If you want to push it even further, there are a few easy upgrades you could make.

The first thing is the length. 21 questions are a bit too much. If you tighten it down to around 15, you’ll keep people more engaged and get better-quality responses. Most users drop off when surveys feel long, even if the questions are good.

You’ve focused a lot on grocery delivery, but the brief is about food delivery more generally. A few small changes in your wording would open it up to meals, snacks, and anything users order online. This way, your data will be stronger and more complete.

Adding skip logic would really polish the user experience. If someone says they don’t use food delivery, there’s no need for them to answer satisfaction questions. Guiding users through only the questions that apply to them shows you care about their time.

One small addition you should make is a short consent line at the start, like 'Your answers are anonymous and will only be used for research.' It’s simple, but it signals to users that you’re professional and thoughtful.

Right now, you’re mostly checking satisfaction with what exists. That’s good, but the brief also asks you to find new opportunities. Asking about frustrations and wish-list features would really strengthen your research.

Here are a few questions you could add to go even deeper and make your survey stand out:

  • 'What is the most frustrating part of using food delivery services today?'
  • 'Have you ever stopped using a food delivery service? If yes, why?'
  • 'If you could improve one thing about food delivery apps, what would it be?'
  • 'What new feature would make you choose one food delivery service over another?'
  • 'How important is having healthy food options in delivery apps to you?' (Scale: Not Important → Very Important)

These questions would help you capture real user pain points and future needs, not just what they like or dislike right now.

You’re really close to nailing it. With a few tweaks and these extra questions, you’ll not just complete the brief — you’ll show you can think one step ahead as a UX researcher.
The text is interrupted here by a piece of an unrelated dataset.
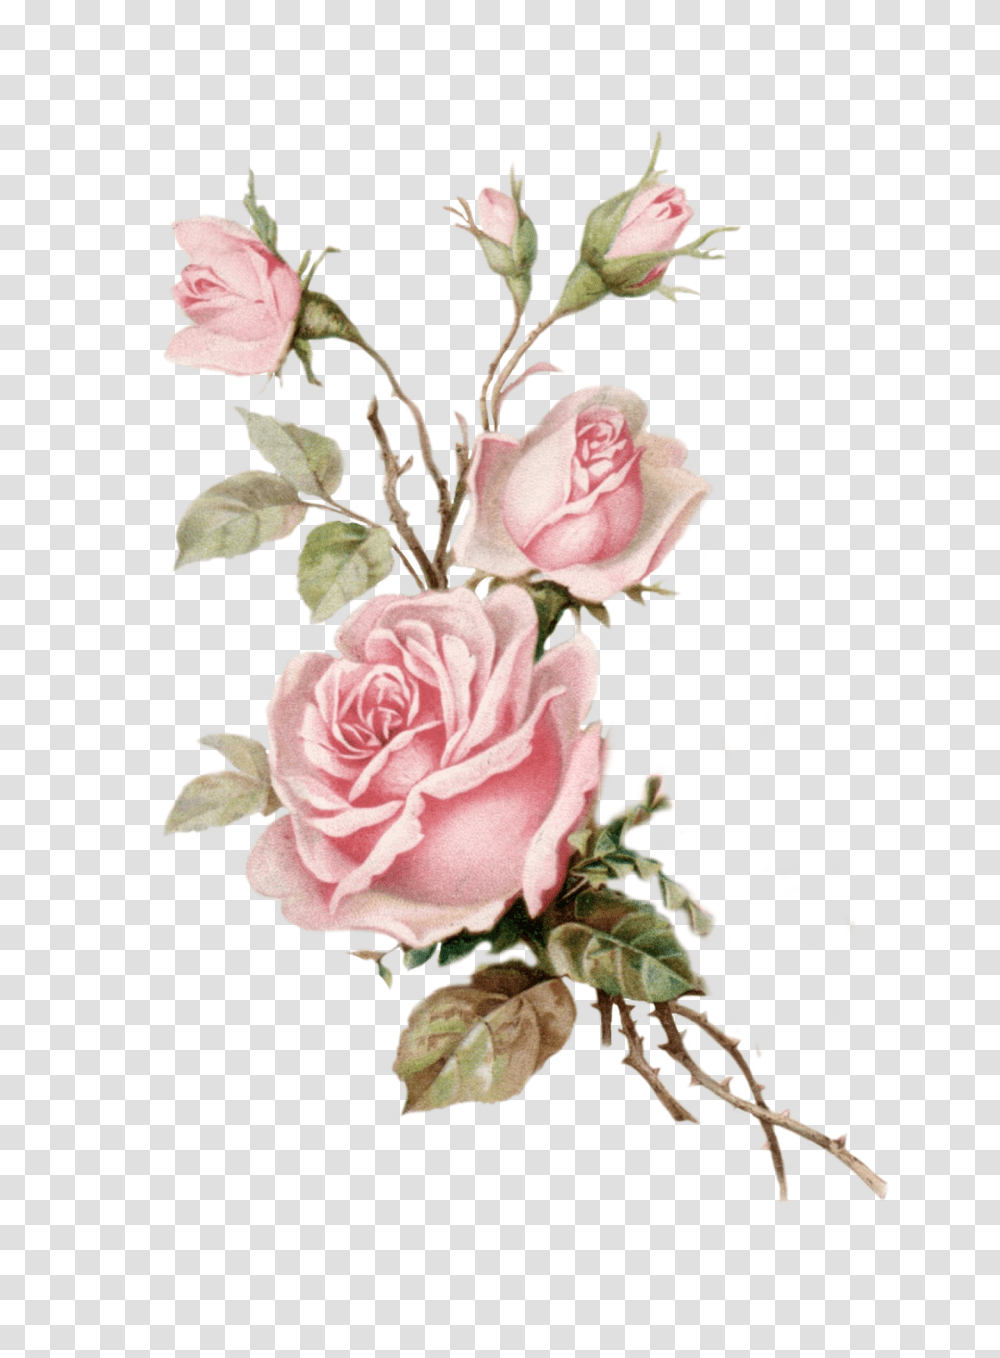 Download Vintage Pink Rose Cut Out Pink Vintage Rose, Floral Design, Pattern, Graphics, Art Transparent Png

Thank you so much for the detailed and thoughtful feedback—it truly means a lot! I’m glad the structure and clarity came through well. I completely agree with your points: I’ll shorten the survey to improve completion rates and revise the wording to cover food delivery more broadly, not just groceries. Skip logic and a short consent statement are great additions I’ll implement to enhance user experience and professionalism. I also really appreciate the extra question suggestions—shifting focus to frustrations and feature wishes will definitely strengthen the research and uncover deeper insights. Thanks again for helping me see how to take this further—I’m excited to refine it!

Thanks for sharing your survey form. The questions intended to cover the aspects described in the task brief. Good.

Here are some considerations:

  1. I am curious to know how many questions any target survey participants would like to answer. Not sure if 21 questions in one survey overwhelming.
  2. Behavioral questions might elicit more accurate insights. General opinion related questions might lead to reliability issues.

All in all, your survey is well done.

Thank you so much for taking the time to review my survey and share your thoughts—really appreciate the feedback! I’m glad to hear the questions align with the task brief. You raised a valuable point about the survey length—21 questions might indeed feel overwhelming for some participants. I’ll look into trimming or structuring them more efficiently to keep engagement high without losing depth. I also appreciate your note about incorporating more behavioral-based questions. That’s a great suggestion—focusing on what users actually do rather than just what they say can definitely provide more actionable and reliable insights. I’ll review the current mix of questions and adjust accordingly to improve accuracy and balance. Thanks again for your thoughtful input—it’s been super helpful and gives me a clearer direction for refining the survey! Would love to hear any further ideas you might have.

You do a lot right. Your research reveals that the river makes sense and touches on the important areas that the cocarnal realm of design asks. It shows you understand the fundamentals of excellent UX research.

Thank you so much for your honest feedback Benyamin!